Huge sets of unstructured PDFs don’t teach machines to recognize Glioblastoma on a CT scan, because having a bunch of clunky documents and scans that someone sent you on your phone or hard drive is very different than having machine-readable, actionable data. This is where a solution that doesn’t just provide data sets, but rather creates computable data sets, comes in. And without individualized patient records, there will be no much-promised precision medicine in our futures.

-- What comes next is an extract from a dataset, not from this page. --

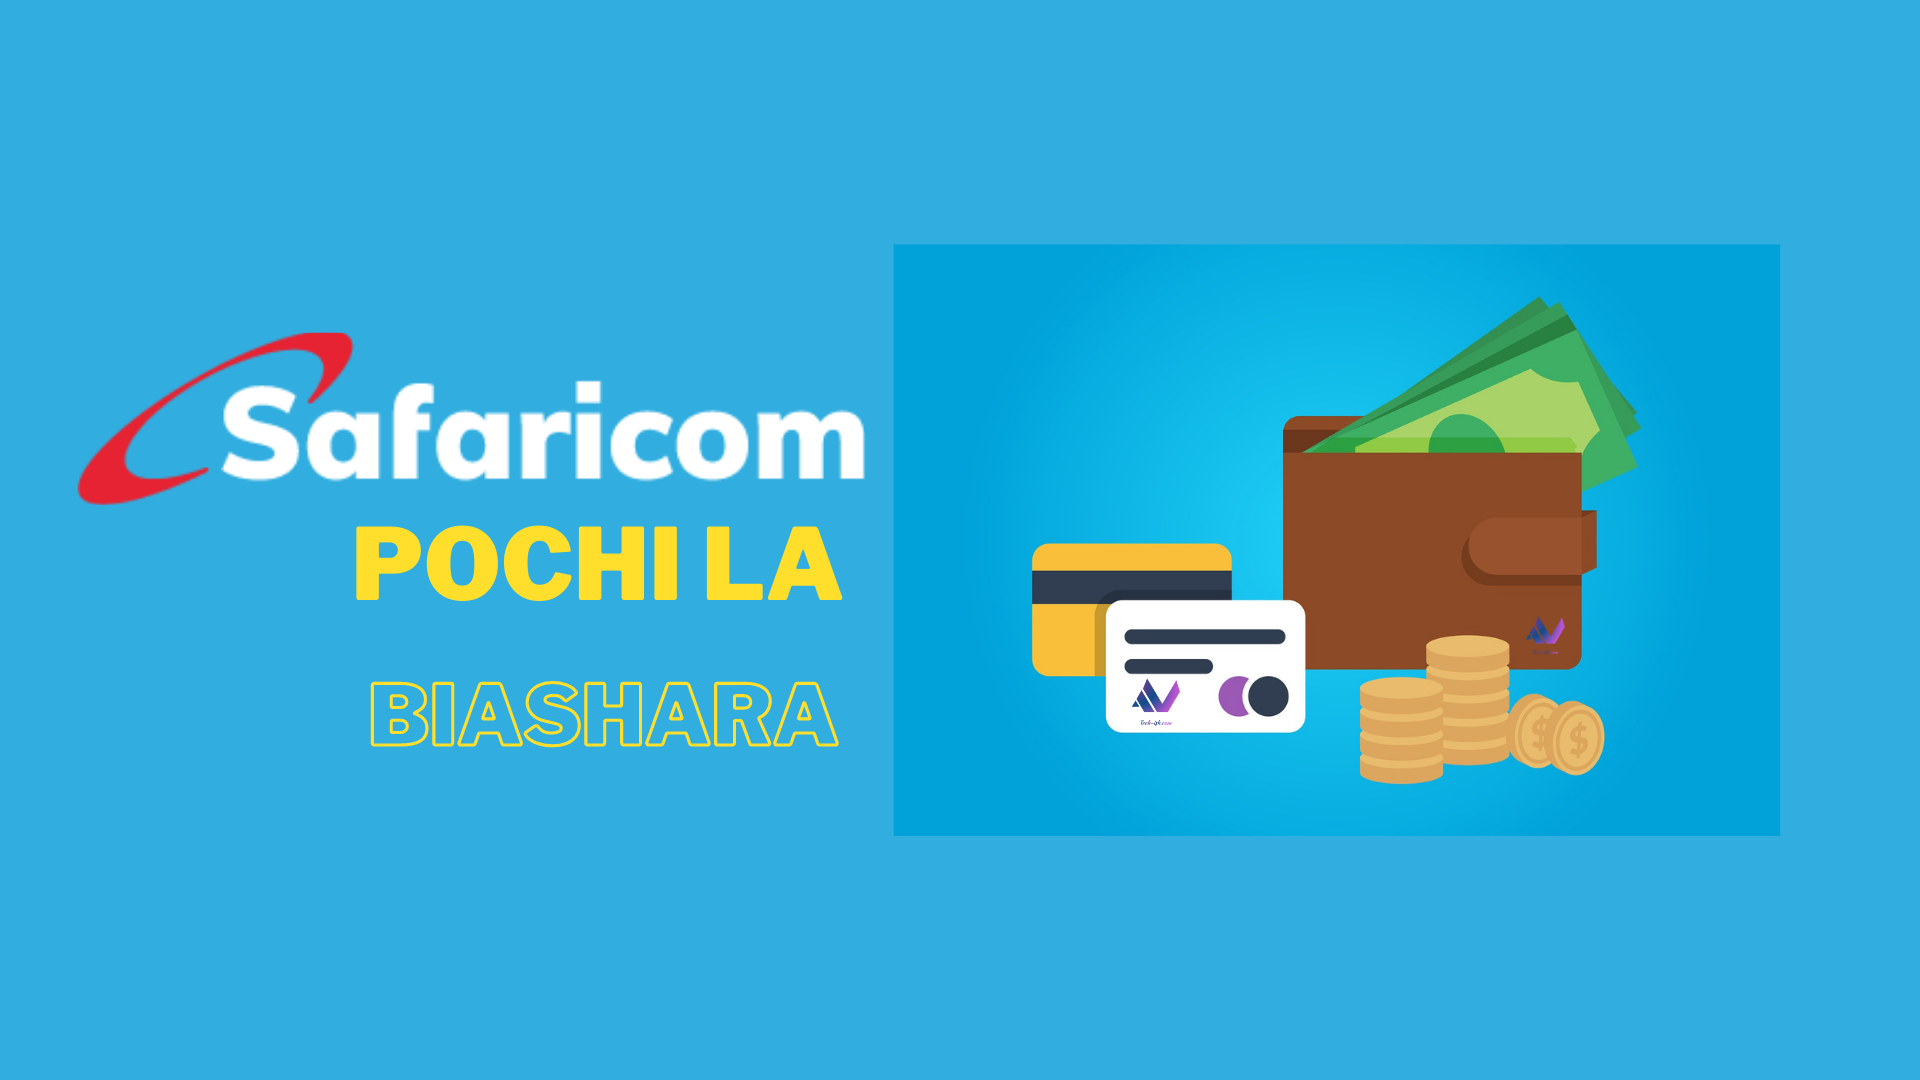 How to sign up for Pochi la Biashara:

Which is why I’m thrilled to announce that the a16z bio fund is leading an investment in Ciitizen, a platform that helps patients securely collect and share their personal health data. By putting the patient in the middle, suddenly everything in the system falls into place. Only it’s not so sudden in implementation: It requires deep understanding of industry know-how, tech, and product to navigate the system and create a truly patient-centered solution like this. Ciitizen has built a world-class team with these very chops, beginning with co-founders Anil Sethi, Premal Shah, and Brian Carlsen. A longtime serial entrepreneur and product visionary in healthcare, CEO Anil’s last company, Gliimpse, was acquired by Apple. It began with the simple idea that anyone should be able to manage their own medical records, but was motivated by the harder reality of helping his own sister fight her battle with cancer. COO Premal has deep experience in working from inside the healthcare system, and especially in managing complex medical data from the molecular to system scale. Brian, who was formerly special projects lead at Apple, will be the Director of Clinical Informatics at Ciitizen. Joining them are other leaders in their respective fields, including Deven McGraw, who has deep experience in HIPAA and medical data sharing, and was formerly the head of privacy at the U.S. Department of Health and Human Services.

This is the future of health care: patient-controlled, portable data, programmable health records, and improved personal and precision medicine. A system that aligns incentives among all the players by putting the patient at the center, beginning with bringing the dark data into the light.